Your first job is to:
- detect where NaNs exist
- count them
- decide whether they are acceptable


In [9]:
nan_defects = df[df["defect_count"].isna()].index
print(f"Indexes with missing defect counts: {nan_defects.tolist()}")

Indexes with missing defect counts: [4, 7, 11]


In [10]:
df[df["defect_count"].isna()].index

Index([4, 7, 11], dtype='int64')

In [11]:
df["defect_count"].isna()

Unnamed: 0,defect_count
0,False
1,False
2,False
3,False
4,True
5,False
6,False
7,True
8,False
9,False


In [12]:
df[df["defect_count"].isna()]

Unnamed: 0,wafer_id,lot_number,defect_count,yield_percent,inspection_stage
4,105,L2,,94.8,final
7,108,L3,,89.5,final
11,112,L5,,92.0,final


In [13]:
df[df["defect_count"].isna()].index

Index([4, 7, 11], dtype='int64')

In [14]:
list(df[df["defect_count"].isna()].index)

[4, 7, 11]

In [15]:
df[df["defect_count"].notna()]

Unnamed: 0,wafer_id,lot_number,defect_count,yield_percent,inspection_stage
0,101,L1,5.0,92.5,final
1,102,L1,2.0,90.2,final
2,103,L2,2.0,95.0,initial
3,104,,0.0,93.1,initial
5,106,L3,3.0,96.0,final
6,107,L3,2.0,,initial
8,109,L4,1.0,90.0,initial
9,110,L4,2.0,88.0,
10,111,L5,3.0,93.1,final


In [16]:
df[df.isna().any(axis=1)]

Unnamed: 0,wafer_id,lot_number,defect_count,yield_percent,inspection_stage
4,105,L2,,94.8,final
6,107,L3,2.0,,initial
7,108,L3,,89.5,final
11,112,L5,,92.0,final


In [17]:
df["lot_number"] = df["lot_number"].replace("", np.nan)
df["inspection_stage"] = df["inspection_stage"].replace("", np.nan)

In [18]:
df = df.replace(r'^\s*$', np.nan, regex=True) # It replaces any cell that contains only whitespace (or is empty) with NaN, across the entire DataFrame.

In [19]:
df.isna().sum()

Unnamed: 0,0
wafer_id,0
lot_number,1
defect_count,3
yield_percent,1
inspection_stage,1


Note that if missing values are left unhandled:
*   Silent bias through row dropping
    *   Many downstream analyses (correlation, modeling) will automatically drop rows with NaN, changing the effective dataset without explicit awareness.
*   Incorrect averages and rankings
    *   If missing values are implicitly or explicitly treated as zero later, defect rates will be biased downward, leading to incorrect lot- or stage-level comparisons.

### Exercise DP-1: Missing values decision
1. Which column has the most missing values?

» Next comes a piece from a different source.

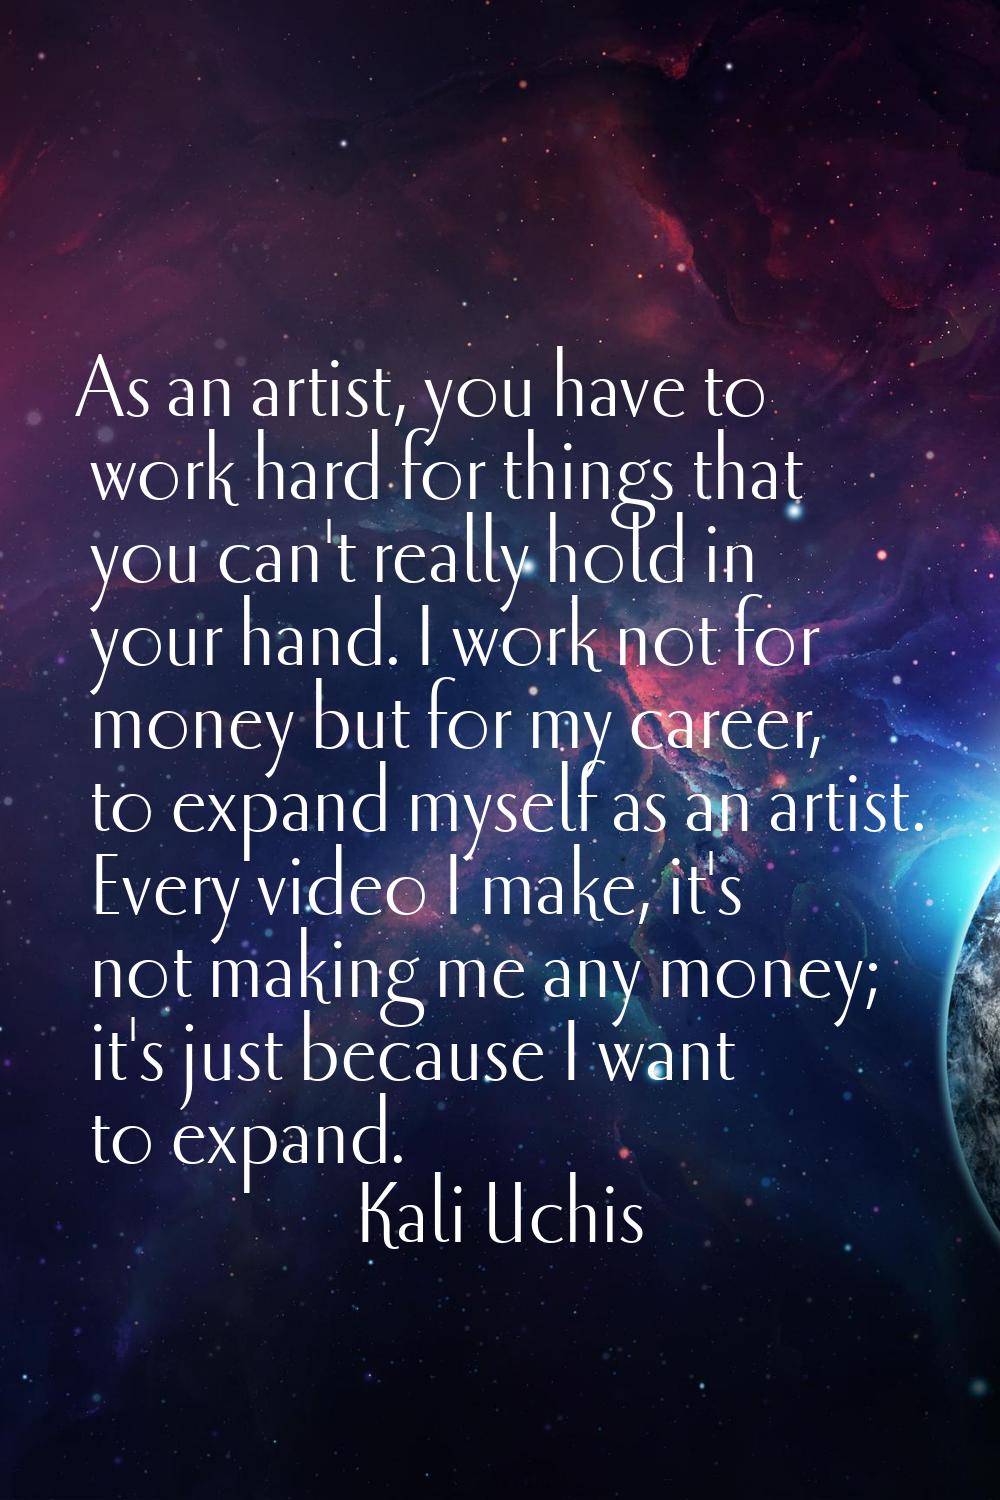 As an artist, you have to work hard for things that you can't really hold in your hand. I work not

2. For the three strategies below to handle the missing values, and state one benefit + one risk for each.
*   Strategy A
    *   Drop rows with missing values (listwise deletion)
*   Strategy B
    *   Impute missing values using contextual statistics (e.g., median by lot or stage)
*   Strategy C
    *   Impute values and explicitly flag augmented rows


### Part 2 — Replacing missing values (fill)
Filling missing values introduces an **assumption**.
Common choices include:
- mean/median (numeric)
- a sentinel value (e.g., 0) **only if it makes domain sense**

The three strategies above were example strategies. Do not assume they are always appropriate. We will practice these strategies here.


In [20]:
data = {
    "wafer_id": [101, 102, 103, 104, 105, 106, 107, 108, 109, 110, 111, 112],
    "lot_number": ["L1", "L1", "L2", "", "L2", "L3", "L3", "L3", "L4", "L4", "L5", "L5"],
    "defect_count": [5, 2, 2, 0, np.nan, 3, 2, np.nan, 1, 2, 3, np.nan],  # rows 4, 7, 11
    "yield_percent": [92.5, 90.2, 95.0, 93.1, 94.8, 96.0, np.nan, 89.5, 90.0, 88.0, 93.1, 92.0],  # row 6
    "inspection_stage": ["final", "final", "initial", "initial", "final", "final", "initial", "final", "initial", "", "final", "final"]  # row 9 has empty string
}

df = pd.DataFrame(data)

### Strategy A

In [21]:
# todo

### Strategy B

In [22]:
# todo

### Strategy C

In [23]:
# todo

### Exercise DP-2: Choose and justify a fill strategy
Pick **one** fill strategy from above (or propose your own).
1. Why is it reasonable for this dataset?
2. What bias could it introduce?
3. How would you communicate this assumption to a stakeholder?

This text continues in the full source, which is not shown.